Lorenzo, the urbane Prince of Triole, wanted her—and her father had decided he was the one. He’d asked Wolfe to do a special security check on him to clear the way. Tonight Lorenzo would no doubt try to stake his claim on her. Knowing how much she sought her father’s approval, how much she wanted to do the right thing by her country, he was very much afraid she’d go along with it. Not that he should care. It wasn’t as if he had made a claim on her himself.

‘Wolfe?’ Her voice had risen with concern at his delayed response to her question. ‘Do you have news about who caused Frédéric’s accident?’

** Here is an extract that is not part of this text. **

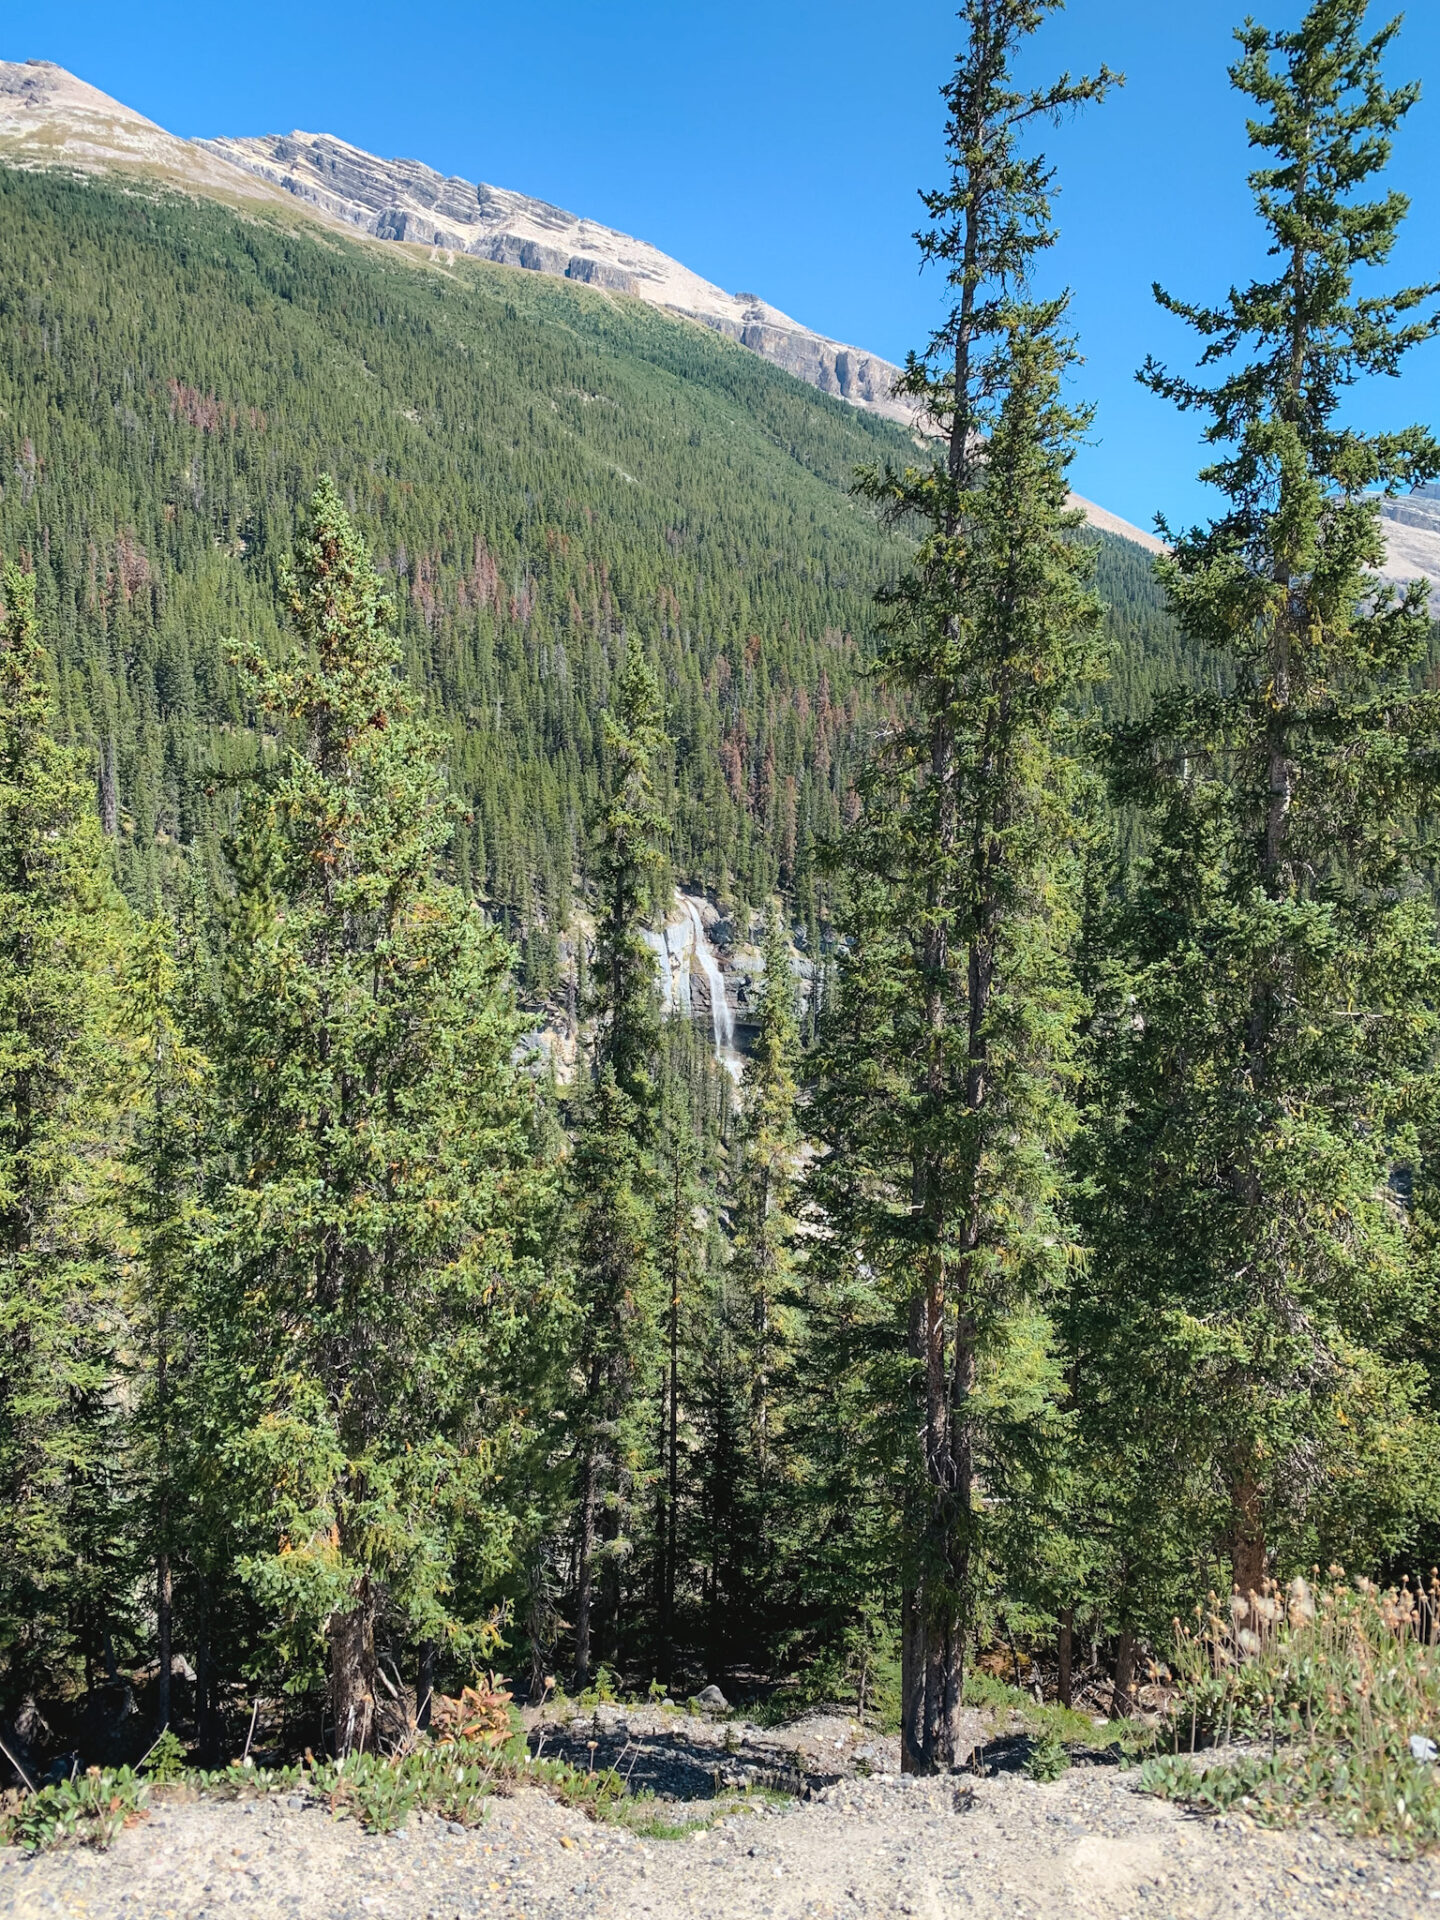 Bridal Veil Falls in Banff, Alberta

‘No.’ Wolfe grated harshly, holding up the crumpled piece of paper he’d printed out five minutes ago. ‘I’m here about this.’

She glanced at the document before cutting her eyes back to him. ‘Am I supposed to know what “this” is?’

‘Your itinerary.’

‘Oh, that.’ She turned back to the mirror dismissively. ‘You told me to tell you in advance when I planned to make changes to it.’

‘I remember telling you it was dangerous to change it.’

Her nonchalant shrug ratcheted up his tension levels. ‘It’s going to be a lovely day tomorrow and—’

‘You’ve been to Paris before,’ he interrupted impatiently. ‘Hell, you lived here for eight years. Why do you need to go on some convoluted walking tour?’

‘I have not been here for nearly a month. I want to see the city again.’

Wolfe bit back a string of curses at her determined expression. ‘Look out of the window.’ He gestured to the one behind him without really seeing anything. ‘To the right the Eiffel Tower, to the left Notre Dame.’

‘Actually, that’s Hôtel de Ville to the left. You cannot see Notre Dame from that window.’ She regarded him steadily. ‘Have you ever actually walked around Paris before, Wolfe?’

‘Sure. I’ve strolled from the airport to the car and from the car to whatever building I needed to enter.’

‘Well, that at least explains why you don’t understand my need to reconnect with the city,’ she said. ‘I might not be back here for some time and I want to wander up through Montmartre to Sacré Coeur, have lunch, and check out the new installation in my gallery before it is disassembled.’